In the latest legal challenge over the city's election law, an appeals court justice ruled last October that Irvine's current system seemed of "dubious constitutionality."

In December, the City Council unanimously agreed that the election law needed fixing. The council created an ad hoc election reform committee composed of Werner, Councilman William A. (Art) Bloomer, City Manager Paul O. Brady Jr., City Clerk Nancy C. Lacey and City Atty. John L. Fellows.

After meeting twice, the committee decided that the best way to fix the election law is to allow voters to cast ballots for a third City Council candidate in elections in which sitting council members run for mayor. The lowest vote-getter would take office only if an existing council member is elected mayor, creating the third open seat.

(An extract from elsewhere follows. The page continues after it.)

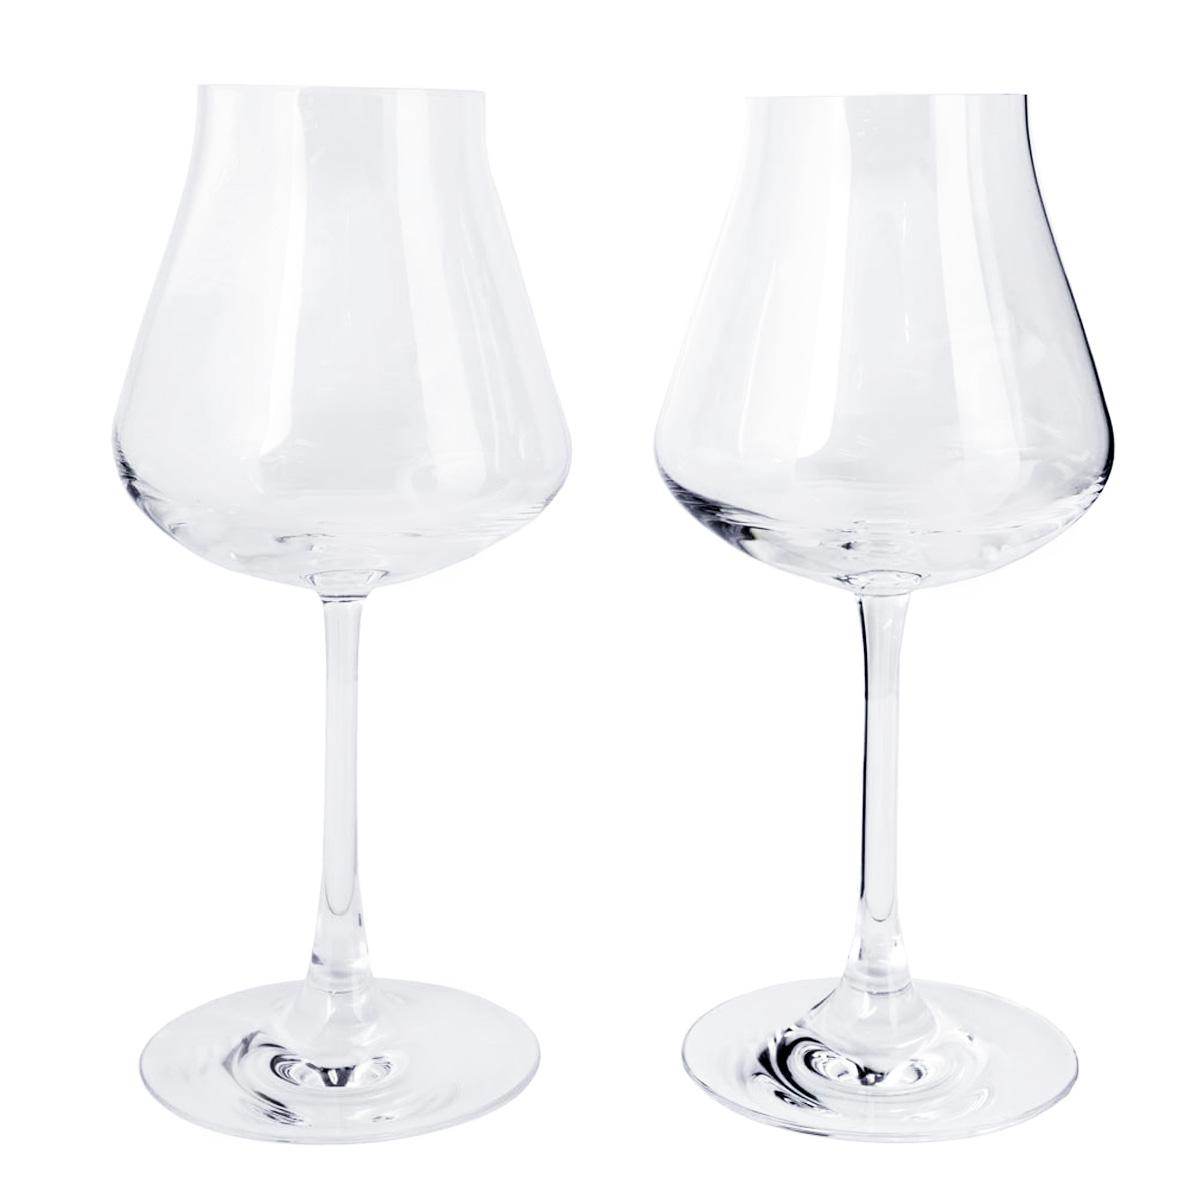 バカラ シャトーバカラ Baccarat シャトーバカラ ワイングラス ペアグラス ワイングラス 2個セット ペアグラス 2客, タカヤナギマチ:15d47cb0 --- sunward.msk.ru

This solution was considered the best of seven options considered, according to a committee report that was distributed to council members last Friday.

A problem with this solution is the difficulty in explaining this method to voters on the ballot and in voting materials, the report said. But this solution removes the need for calling a special election to fill the open seat and avoids having a four-member council while the special election is being arranged.

In case the council is ready to make a decision tonight the report includes the legal wording necessary to change the city's election law to enact the committee's preferred solution. The report also includes language for the alternate solution of always filling a vacancy through special election.

The proposed solution would have to be placed on the ballot for voter approval.

According to the report, likely times to place the proposed election amendment on the ballot would be this November and in June, 1992, when city voters will be going to the polls for non-municipal elections.